South East Asia National Human Rights Institutions Forum (SEANF) Statement on the Situation of Migrants and Members of their Families amid the COVID-19 Pandemic

South East Asia National Human Rights Institutions Forum (SEANF) Statement on the Situation of Migrants and Members of their Families amid the COVID-19 Pandemic

The South East Asia National Human Rights Institutions Forum (SEANF), comprising national human rights institutions (NHRIs) from 6 countries in the region, namely the National Human Rights Commission of Indonesia (Komnas HAM), the Human Rights Commission of Malaysia (SUHAKAM), the Myanmar National Human Rights Commission (MNHRC), the Commission on Human Rights of the Philippines (CHRP), the National Human Rights Commission of Thailand (NHRCT) and the Provedoria dos Direitos Humanos
e Justiça (PDHJ) of Timor-Leste, issues this statement to draw particular attention to the plight of migrants and members of their families in South East Asia amid the COVID-19 pandemic.

The impacts of the pandemic, lockdown restrictions and emergency powers of States, on migrants and members of their families are greatly visible and alarming. We cannot stress quite enough how the rights and dignity of migrants and their families have been significantly
affected by the pandemic and its health, socio-economic, and political repercussions.

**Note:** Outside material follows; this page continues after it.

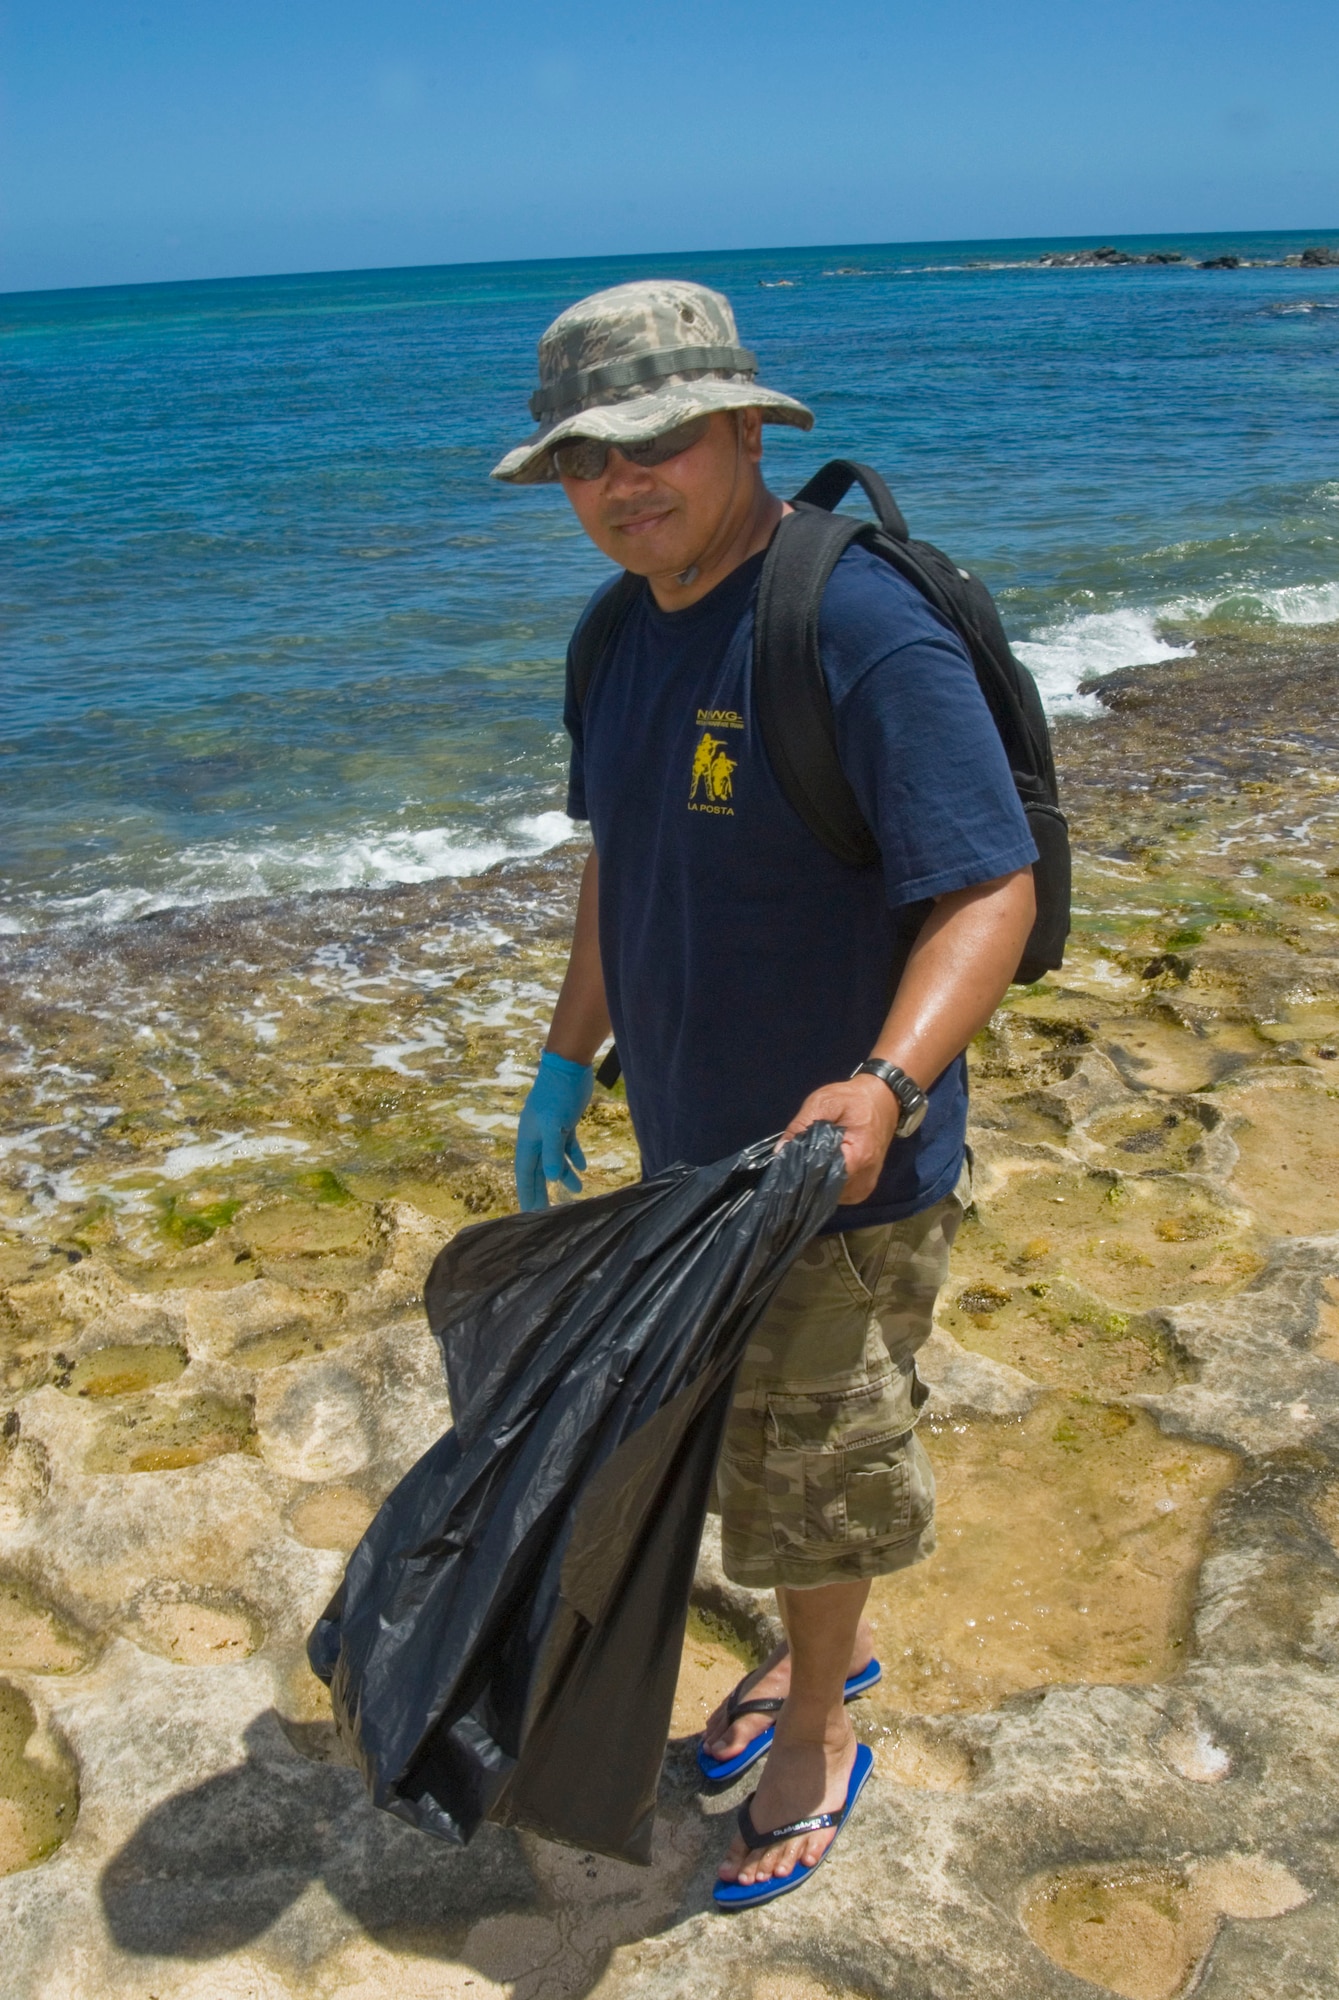 Tech. Sgt. Gil Vicente helps pick up trash at Laniakea Beach on Oahu’s North Shore June 11, 2010. The 146th AW Civil Engineering Squadron participated in the project alongside the organization “Malama nu Honu,” a non-profit group that works to protect the Hawaiian Green Sea Turtle through education, public awareness and conservation. (DoD photo by Airman 1st Class Nicholas Carzis, U.S. Air Force/Released)

Migrants, including undocumented, irregular, low-skilled migrant workers, refugees and stateless persons have faced and continue to experience xenophobia, discrimination, barriers to access to healthcare services and social protection measures, and exclusion in pandemic responses. [1] Migrant workers in the informal sectors, majority of whom are women, have been at greater risk of gender-based violence as stay-at-home orders posed difficulty in leaving abusive employers.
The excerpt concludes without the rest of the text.